前言
- 发布此文章主要是对自己所学知识的总结
- 通过文章的方式可以让自己对所学知识加深印象
- 方便日后需要的时候查看,如果有不对的地方欢迎指出
- 文笔不行,多多见谅
一直都是用印象笔记来记录自己的学习过程,但是笔记做完很久不看的话,就会忘记很多细节,所以才会选择再写一遍,加深一下印象,书读百遍其义自见.这段时间没有新需求,利用空闲时间巩固一下知识,免得空度时光
上一篇里针对Category的源码进行了解读,但是没有说到load和initialize这两个方法在分类中是怎么调用的,很早写的一篇iOS load和initialize认知里面提到了调用顺序,但是没有从底层原理进行分析,今天从源码中看看具体是怎么回事,理解了原理,对方法调用顺序也就理解起来更加容易.虽然网上已经有很多这样的文章,但人家的终归是人家的,只看不写印象还是不会深刻
一 : 源码解读load方法
load方法是在runtime加载类、分类时调用,每个类、分类在程序运行过程中只会调用一次,除非是手动调用,具体调用顺序通过源码一一解释
load_images(const char *path __unused, const struct mach_header *mh)
{
// Return without taking locks if there are no +load methods here.

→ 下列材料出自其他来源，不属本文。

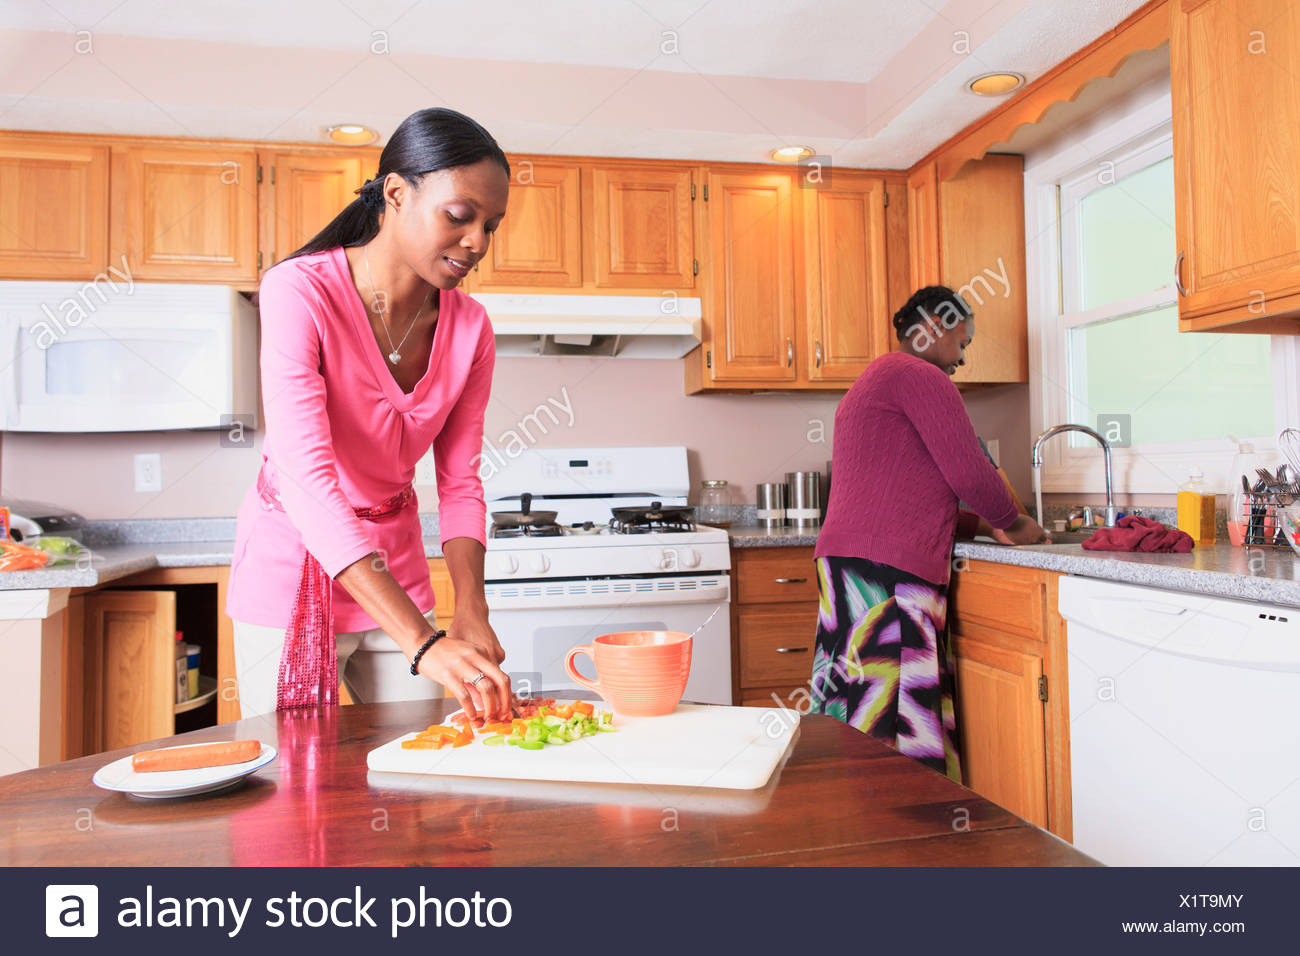 Two Sisters Working In The Kitchen One With Learning Disability Stock Photo Alamy

if (!hasLoadMethods((const headerType *)mh)) return;
recursive_mutex_locker_t lock(loadMethodLock);
// Discover load methods
{
rwlock_writer_t lock2(runtimeLock);
prepare_load_methods((const headerType *)mh);
}
// Call +load methods (without runtimeLock - re-entrant)
call_load_methods();
}
prepare_load_methods((const headerType *)mh); : 准备load方法
void prepare_load_methods(const headerType *mhdr)
{
size_t count, i;
runtimeLock.assertWriting();
classref_t *classlist =
_getObjc2NonlazyClassList(mhdr, &count);
for (i = 0; i < count; i++) {
schedule_class_load(remapClass(classlist[i]));
}
category_t **categorylist = _getObjc2NonlazyCategoryList(mhdr, &count);
for (i = 0; i < count; i++) {
category_t *cat = categorylist[i];
Class cls = remapClass(cat->cls);
if (!cls) continue; // category for ignored weak-linked class
realizeClass(cls);
assert(cls->ISA()->isRealized());
add_category_to_loadable_list(cat);
}
}
//递归查找父类,父类优先添加到集合中
static void schedule_class_load(Class cls)
{
if (!cls) return;
assert(cls->isRealized()); // _read_images should realize
if (cls->data()->flags & RW_LOADED) return;
// Ensure superclass-first ordering
schedule_class_load(cls->superclass);
add_class_to_loadable_list(cls);
cls->setInfo(RW_LOADED);
}
//把类和类的load方法添加到loadable_classes数组中,数组中每一个元素都是一个结构体,结构体中包含类和load方法的IMP
static struct loadable_class *loadable_classes = nil;
struct loadable_class {
Class cls; // may be nil
IMP method;
};
void add_class_to_loadable_list(Class cls)
{
IMP method;
loadMethodLock.assertLocked();
method = cls->getLoadMethod();
if (!method) return; // Don't bother if cls has no +load method
if (PrintLoading) {
_objc_inform("LOAD: class '%s' scheduled for +load",
cls->nameForLogging());
}
if (loadable_classes_used == loadable_classes_allocated) {
loadable_classes_allocated = loadable_classes_allocated*2 + 16;
loadable_classes = (struct loadable_class *)
realloc(loadable_classes,
loadable_classes_allocated *
sizeof(struct loadable_class));
}
loadable_classes[loadable_classes_used].cls = cls;
loadable_classes[loadable_classes_used].method = method;
loadable_classes_used++;
}
static struct loadable_category *loadable_categories = nil;
struct loadable_category {
Category cat; // may be nil
IMP method;
};
//处理分类
void add_category_to_loadable_list(Category cat)
{
IMP method;
loadMethodLock.assertLocked();
method = _category_getLoadMethod(cat);
// Don't bother if cat has no +load method
if (!method) return;
if (PrintLoading) {
_objc_inform("LOAD: category '%s(%s)' scheduled for +load",
_category_getClassName(cat), _category_getName(cat));
}
if (loadable_categories_used == loadable_categories_allocated) {
loadable_categories_allocated = loadable_categories_allocated*2 + 16;
loadable_categories = (struct loadable_category *)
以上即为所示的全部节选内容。